───── EXERCISE MATERIAL ─────

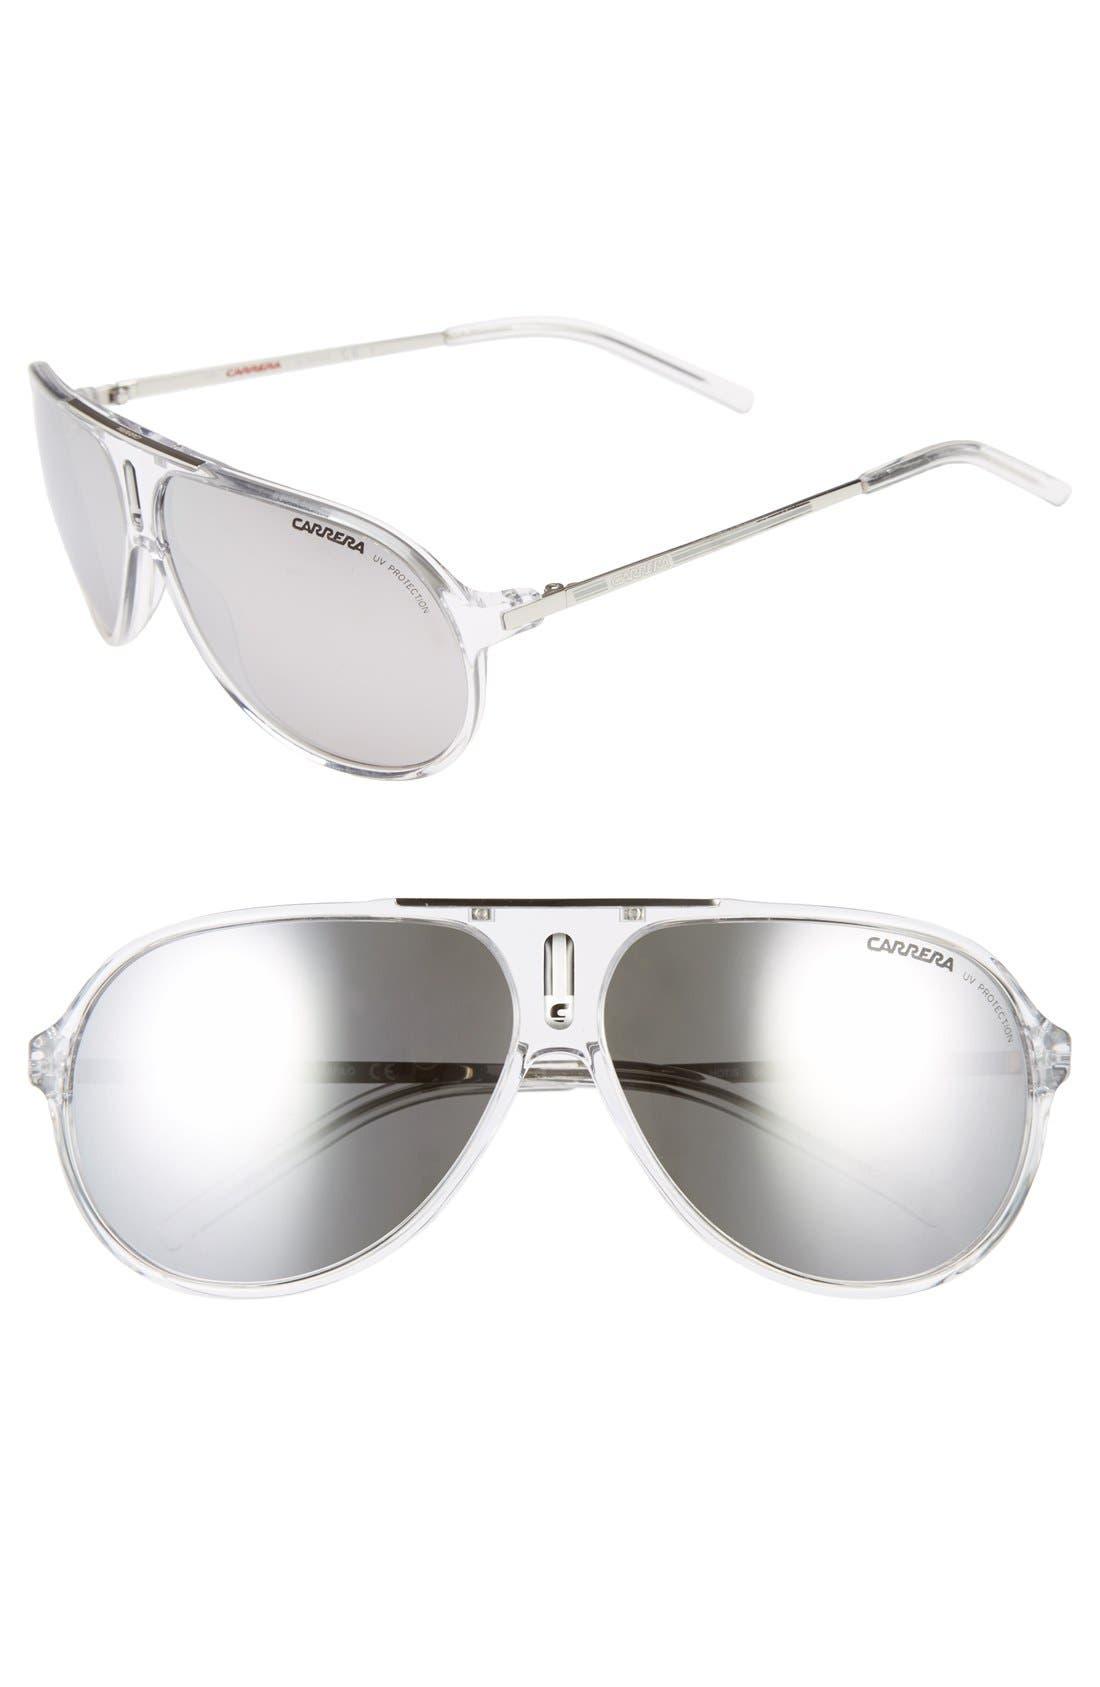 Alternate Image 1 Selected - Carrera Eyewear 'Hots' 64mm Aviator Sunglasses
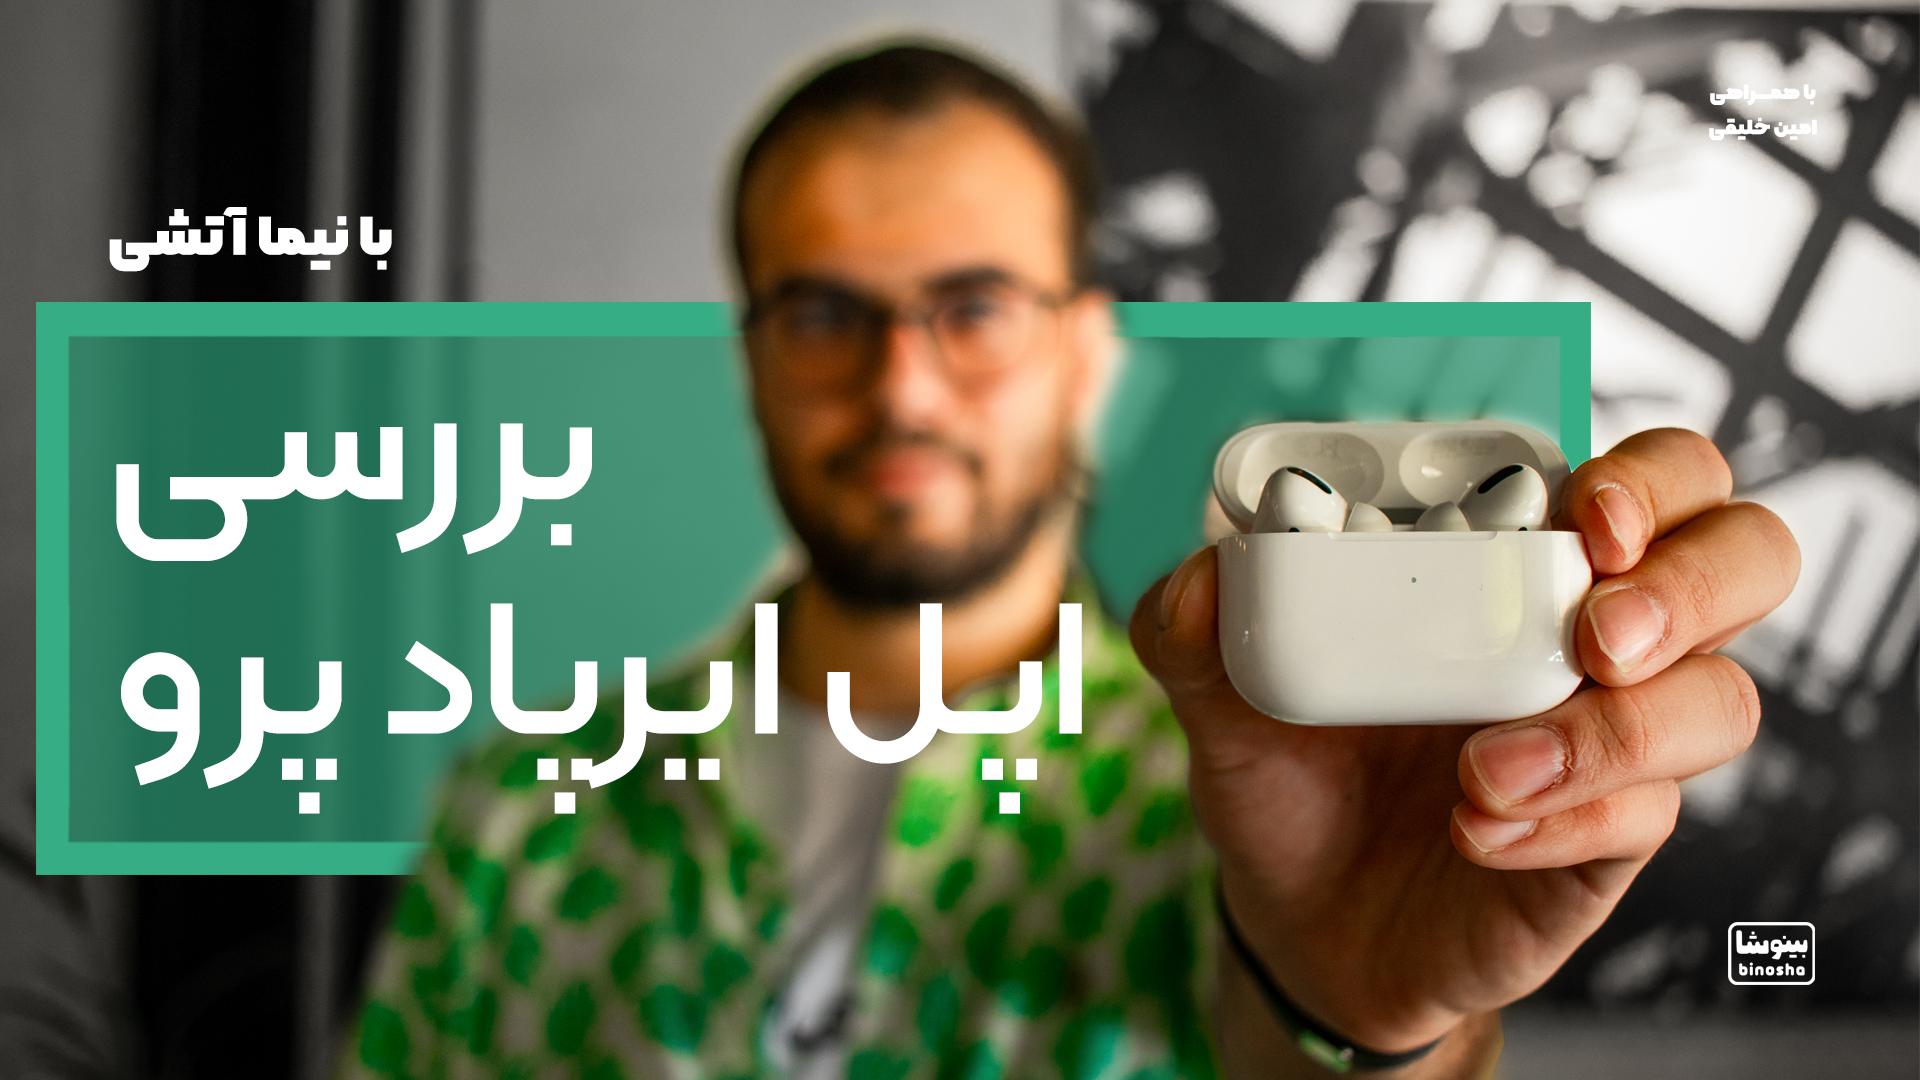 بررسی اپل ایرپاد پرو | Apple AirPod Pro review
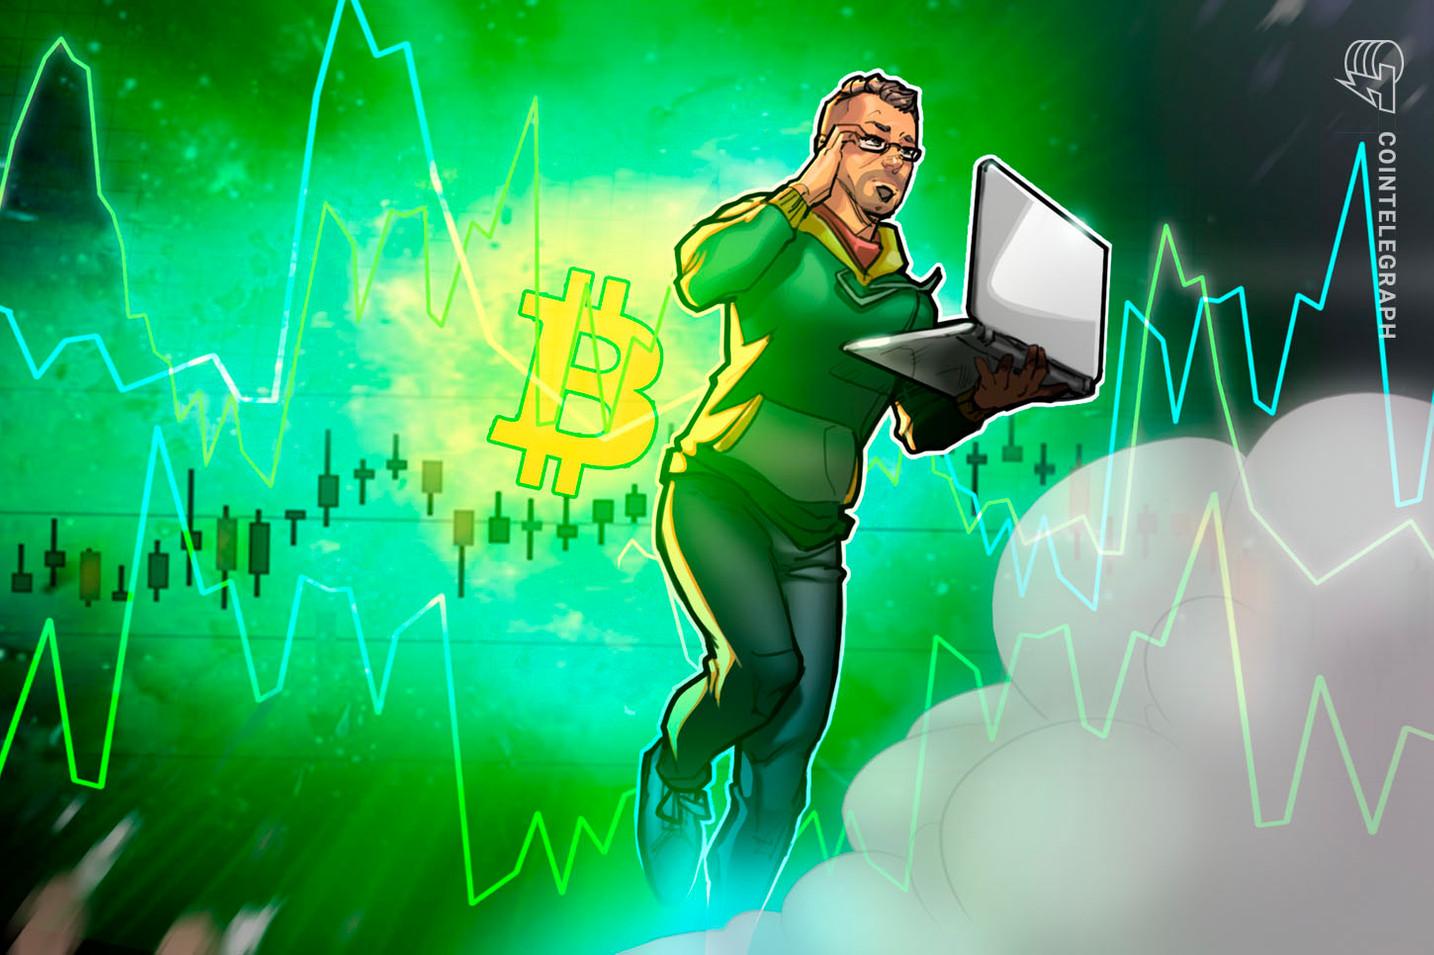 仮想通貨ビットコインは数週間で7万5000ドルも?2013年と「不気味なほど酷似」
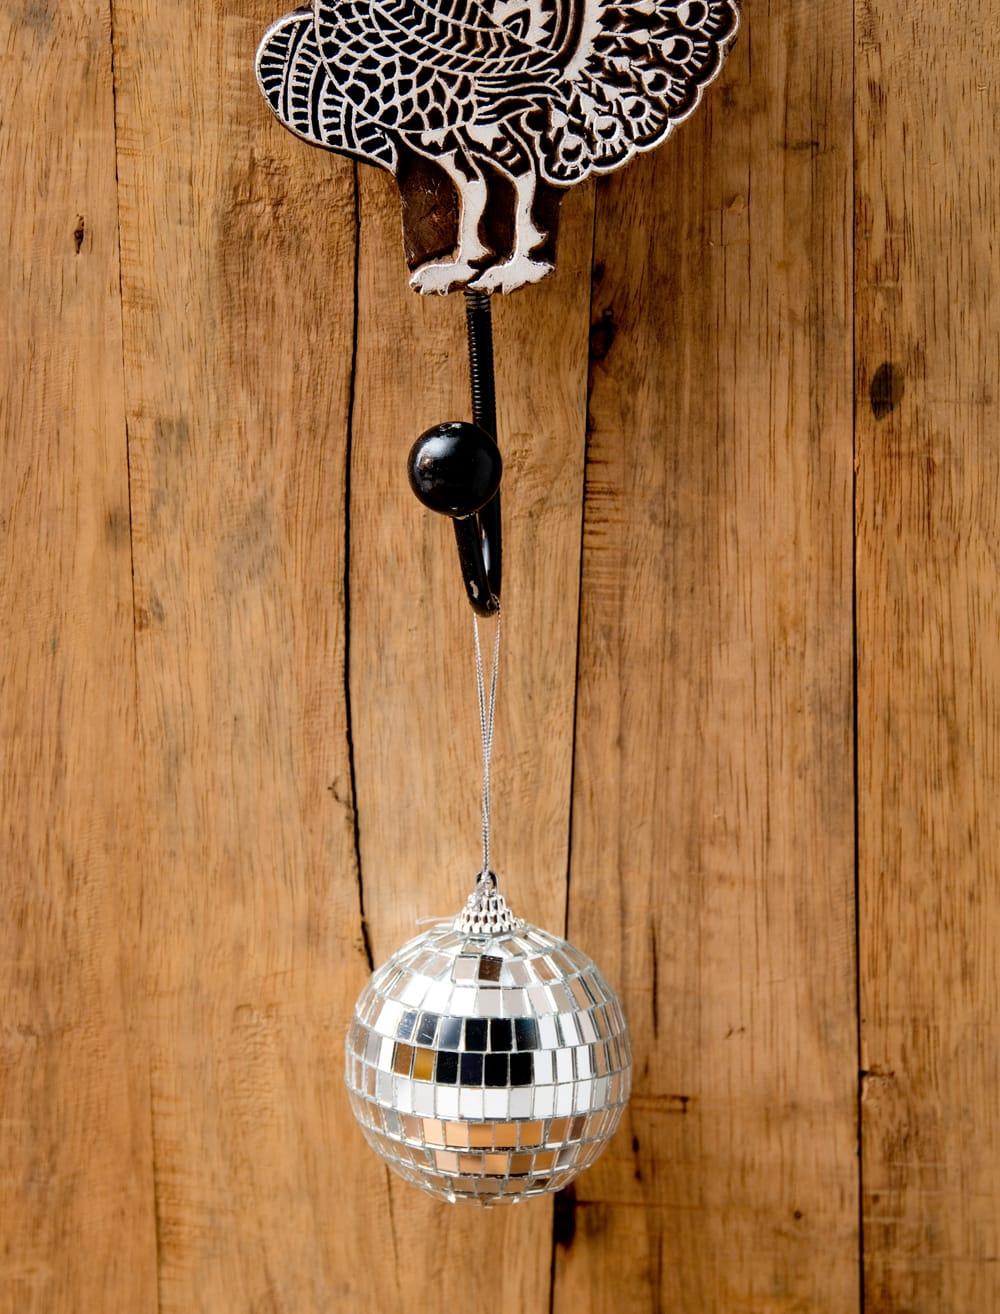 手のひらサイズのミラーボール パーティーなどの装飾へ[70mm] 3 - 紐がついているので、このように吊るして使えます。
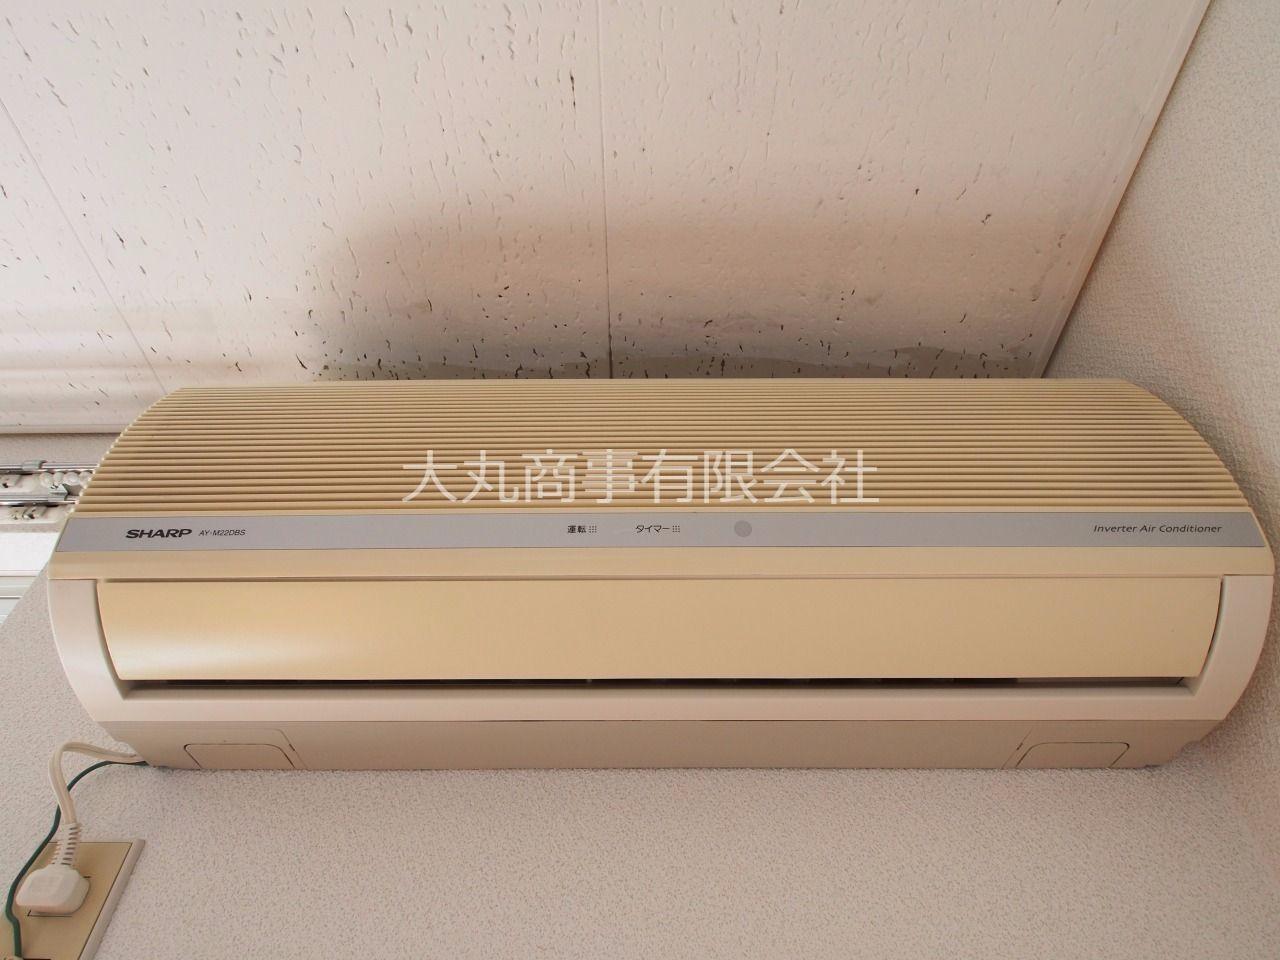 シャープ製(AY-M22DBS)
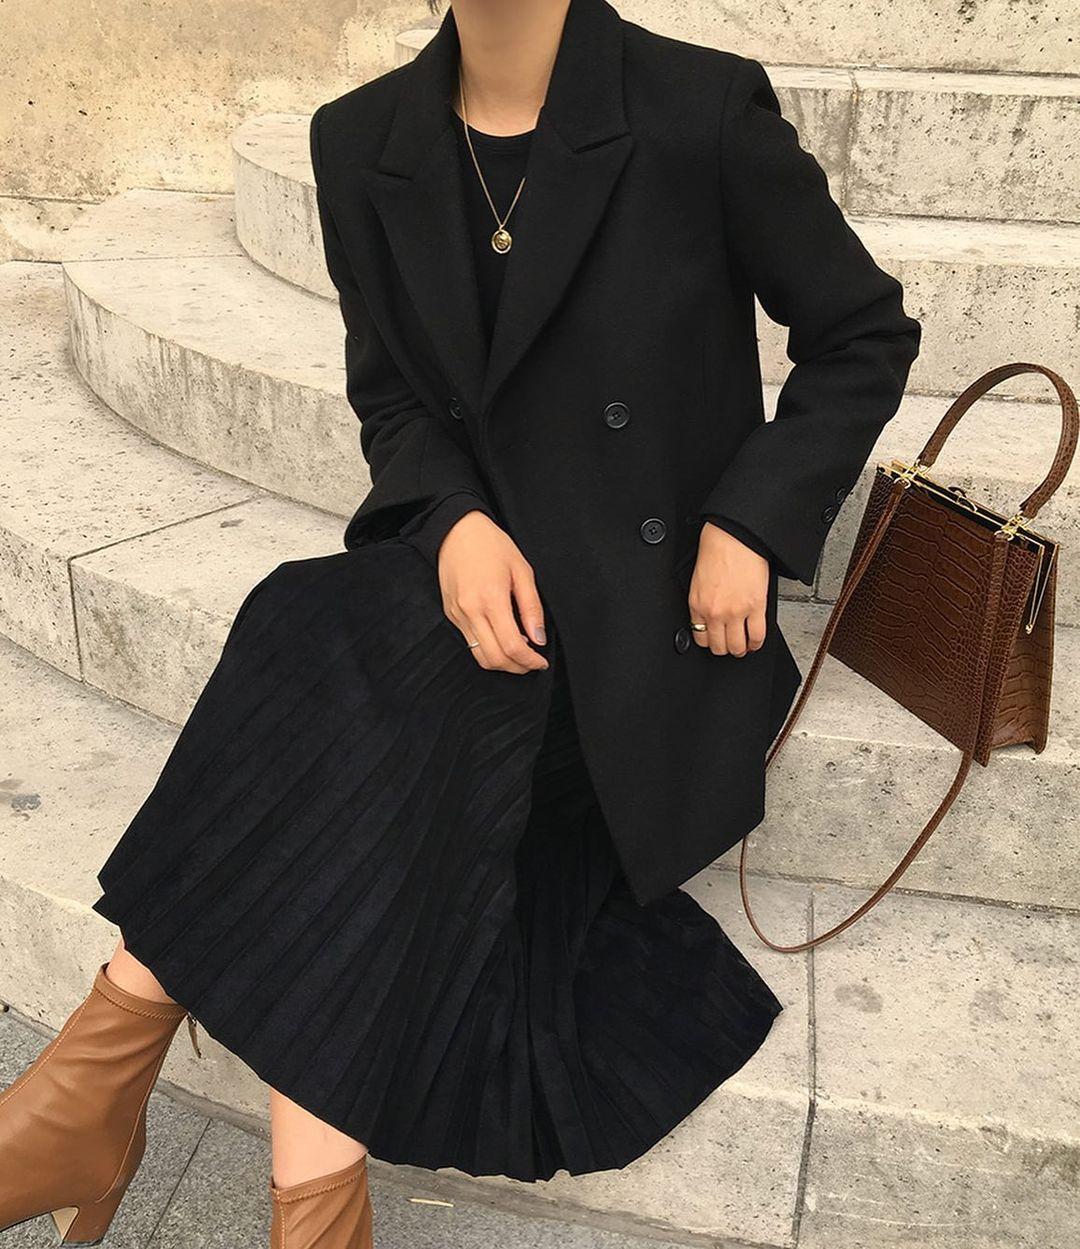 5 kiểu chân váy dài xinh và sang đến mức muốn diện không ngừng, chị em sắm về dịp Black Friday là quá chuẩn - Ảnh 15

─────

## [WORK TO COMPLETE]
In the data above, the line containing "シャープ製(AY-M22DBS)" and all lines after it are to be reproduced exactly, leaving out the pictures.

## [OUTPUT OF THE EXERCISE]
 シャープ製(AY-M22DBS)
 5 kiểu chân váy dài xinh và sang đến mức muốn diện không ngừng, chị em sắm về dịp Black Friday là quá chuẩn - Ảnh 15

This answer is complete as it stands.